(RECORD SET Opens)
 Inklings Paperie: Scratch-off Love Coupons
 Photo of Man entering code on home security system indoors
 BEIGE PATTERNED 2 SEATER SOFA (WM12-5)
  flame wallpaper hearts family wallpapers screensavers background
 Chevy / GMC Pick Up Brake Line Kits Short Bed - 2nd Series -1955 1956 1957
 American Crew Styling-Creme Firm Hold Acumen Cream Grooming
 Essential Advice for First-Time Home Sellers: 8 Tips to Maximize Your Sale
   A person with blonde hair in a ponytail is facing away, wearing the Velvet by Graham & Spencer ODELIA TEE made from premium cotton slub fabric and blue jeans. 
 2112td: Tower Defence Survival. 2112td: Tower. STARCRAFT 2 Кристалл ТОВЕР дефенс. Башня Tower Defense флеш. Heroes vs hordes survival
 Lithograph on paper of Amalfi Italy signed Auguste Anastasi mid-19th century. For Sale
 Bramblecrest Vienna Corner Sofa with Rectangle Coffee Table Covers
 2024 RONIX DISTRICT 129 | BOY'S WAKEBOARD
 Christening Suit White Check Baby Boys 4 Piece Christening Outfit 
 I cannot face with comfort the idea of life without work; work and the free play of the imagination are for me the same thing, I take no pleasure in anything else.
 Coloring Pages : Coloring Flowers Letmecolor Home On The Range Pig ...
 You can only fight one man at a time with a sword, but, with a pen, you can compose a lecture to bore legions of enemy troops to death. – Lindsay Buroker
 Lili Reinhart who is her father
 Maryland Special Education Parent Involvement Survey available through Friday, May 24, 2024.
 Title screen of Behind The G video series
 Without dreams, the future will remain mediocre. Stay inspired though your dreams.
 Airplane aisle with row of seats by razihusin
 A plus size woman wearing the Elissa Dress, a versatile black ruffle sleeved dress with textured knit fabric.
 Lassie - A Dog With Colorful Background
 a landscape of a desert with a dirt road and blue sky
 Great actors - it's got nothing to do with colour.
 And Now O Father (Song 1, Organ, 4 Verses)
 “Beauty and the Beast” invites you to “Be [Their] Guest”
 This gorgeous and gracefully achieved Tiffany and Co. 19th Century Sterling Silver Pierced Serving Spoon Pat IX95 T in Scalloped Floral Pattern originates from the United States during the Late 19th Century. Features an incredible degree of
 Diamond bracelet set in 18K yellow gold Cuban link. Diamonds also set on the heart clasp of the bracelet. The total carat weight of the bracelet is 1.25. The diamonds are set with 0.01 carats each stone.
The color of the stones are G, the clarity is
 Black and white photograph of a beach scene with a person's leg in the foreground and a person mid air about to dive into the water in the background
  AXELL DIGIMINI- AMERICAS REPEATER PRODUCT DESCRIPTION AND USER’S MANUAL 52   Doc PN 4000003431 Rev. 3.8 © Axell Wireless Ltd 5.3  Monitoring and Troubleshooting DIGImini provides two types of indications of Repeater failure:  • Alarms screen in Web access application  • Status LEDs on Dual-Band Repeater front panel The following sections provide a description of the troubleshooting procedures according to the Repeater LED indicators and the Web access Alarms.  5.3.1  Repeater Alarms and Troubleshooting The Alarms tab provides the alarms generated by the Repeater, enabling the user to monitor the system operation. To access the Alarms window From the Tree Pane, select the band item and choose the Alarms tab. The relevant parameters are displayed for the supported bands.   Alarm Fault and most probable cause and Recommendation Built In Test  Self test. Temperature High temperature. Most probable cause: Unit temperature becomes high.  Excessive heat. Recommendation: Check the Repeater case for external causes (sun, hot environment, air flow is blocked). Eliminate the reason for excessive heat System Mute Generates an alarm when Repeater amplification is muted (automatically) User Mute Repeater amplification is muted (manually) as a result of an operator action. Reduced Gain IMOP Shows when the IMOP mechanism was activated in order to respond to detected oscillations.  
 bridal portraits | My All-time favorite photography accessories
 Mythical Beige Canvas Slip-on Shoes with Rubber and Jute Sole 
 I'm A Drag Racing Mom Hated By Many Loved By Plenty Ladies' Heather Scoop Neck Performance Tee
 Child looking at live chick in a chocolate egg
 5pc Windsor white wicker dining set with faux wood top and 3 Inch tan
(RECORD SET Closes)
### WORK REQUIRED
Using the records above, set down exactly the lines from the one with "flame wallpaper hearts" through the one with "Essential Advice for", inclusive, and nothing more.

### RESULT OF THE TASK
  flame wallpaper hearts family wallpapers screensavers background
 Chevy / GMC Pick Up Brake Line Kits Short Bed - 2nd Series -1955 1956 1957
 American Crew Styling-Creme Firm Hold Acumen Cream Grooming
 Essential Advice for First-Time Home Sellers: 8 Tips to Maximize Your Sale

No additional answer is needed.